L.A.'s streets are still mean, but they're different - and so is Easy

Review Novel

October 14, 2007|By Thomas Curwen | Thomas Curwen,Los Angeles Times

Blonde Faith

An Easy Rawlins Novel

By Walter Mosley

Little, Brown / 308 pages / $25.99

For two decades, Easy Rawlins has walked the streets of Los Angeles, and the city has given him everything: friends, family, two homes, three apartment buildings, a dog and any number of people willing to pay him to fix their broken lives. Yet something's gone wrong. Two years after the riots, Watts smolders, Vietnam rages and Easy is losing it. He knows it. His friends know it. And, of course, Walter Mosley knows it.

The 10th Easy Rawlins novel is unlike any we've read. "I lit a Camel," Easy tells us early in the book, "thought about the taste of sour mash ... and climbed out of the car like Bela Lugosi from his coffin." Gone is the man once happy to own a home with an avocado tree in his front yard. Gone is the man content to nurse a drink and a smoke in a bar like Joppy's. Gone is the man whose dalliances in bed were his most reliable and consistent solace. Still the tough-minded, tough-hearted private detective of earlier novels, the Easy of Blonde Faith is haunted and more vulnerable, trying to atone for his mistakes, find love and acceptance and make it through to the next day.

This dark turn is all the darker given Mosley's considerable achievement over the years. When he introduced Easy in 1990, Mosley captured a time and place in Los Angeles' history that few writers dared imagine. It was 1948. African-American migration from the South to California was at its peak. Black nightclubs, newspapers, hotels and churches, hemmed in by the city's withering segregation policies and housing covenants, thrived on Central Avenue. The joint was jumping, and ready to blow. Since then, we've watched Easy grow from the 26-year-old sharecropper's son to a seasoned regular on the street, and we've seen how the street entered his blood. "As I got older, my profession began to take center stage in my life," he says. "I wanted to know why things happened, but not like when I was a young man. In my early life, I wanted money and women, success and respect, not for what I did but for who I was."

This evolution - this attempt to understand the why - has given the Rawlins novels their cumulative edge, yet it has never seemed enough for Mosley. In science fiction, political essays and literary fiction, he has pushed his boundaries as a writer, with significant or marginal success. Still, he kept returning to Easy. Although Blonde Faith does not have the force of Little Scarlet, perhaps the greatest novel in the series, it is indispensable as a portrait of this "unwilling detective." That's what Easy's mentor, Saul Lynx, calls him: "You're out there to help people because you hate what's happened. But really you'd rather be reading a book."

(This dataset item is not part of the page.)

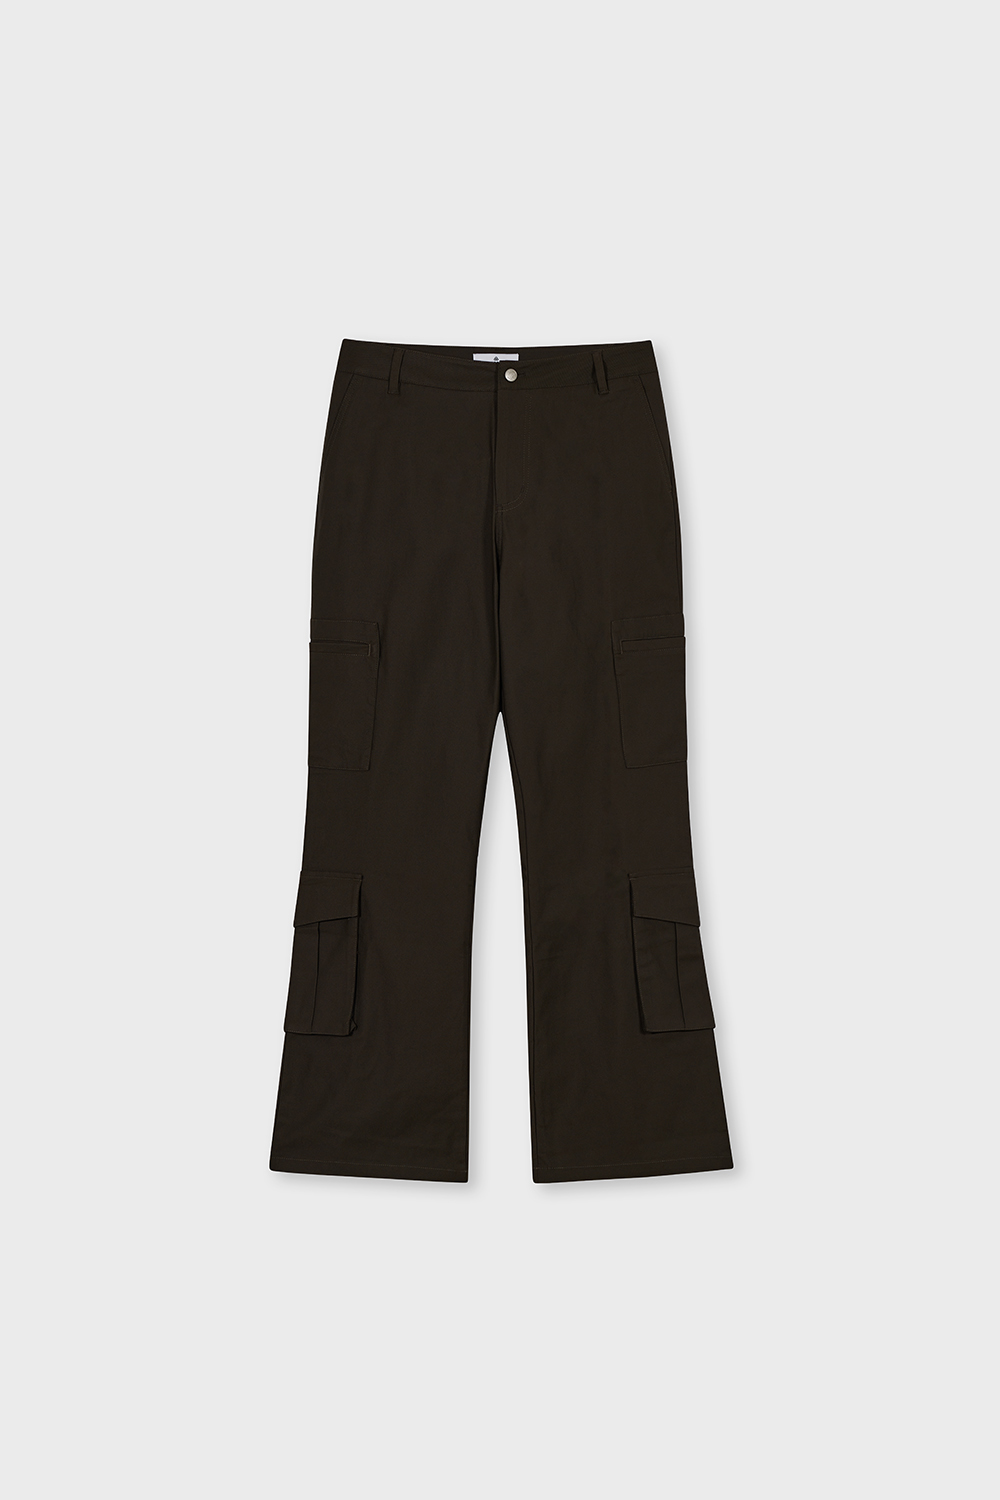 DIG 8-Pocket Cargo Pants (Dark Brown)

In Blonde Faith, there's no escaping the wreckage Easy views. Forget that two of his friends have gone missing. Forget that a dead man is hidden in a crate in a backyard shed, that rogue military officials are dealing drugs, and that there is a woman - no, two women - catching Easy's eye. Rescuing women and dealing with fools and thugs is a story Mosley's written before.

What's new is Easy's turmoil. It's his chafed nerves that propel the plot, so that one death reminds him of the "whole mountain of dead people" he has seen, from Louisiana to Dachau, and one armed guard brings to life all the white people who've tried to keep him down. When his home gets broken into, it shatters "every covenant the civilized world lived by." When he saves a friend's daughter from a pimp near a back alley in Watts, he struggles "to imagine how I could see myself as that child saw me: a hero filled with power and certainty."

It can be said that Mosley lays on this angst too heavily. Nonetheless, Easy's memories make his ache for Bonnie Shay, with whom he broke up in the previous novel, all the more poignant. As he tries to replace her, emotionally and sexually, he comes across as a man lost in this world yet begging to be found. When he breaks into someone's apartment, he stays there well beyond safety, confessing his life story to a new girlfriend over the phone, and in time it becomes clear that he's mourning the loss not just of Bonnie but of other women in his life, especially his mother, who died when he was a child.

But does Easy's despair come from a broken heart alone? Mosley has always linked his hero's fate with that of Los Angeles and painted a broader picture of race in America, so you have to wonder what's changed in this city in 20 years that has made Easy's surroundings so inimical to him. Clues are everywhere.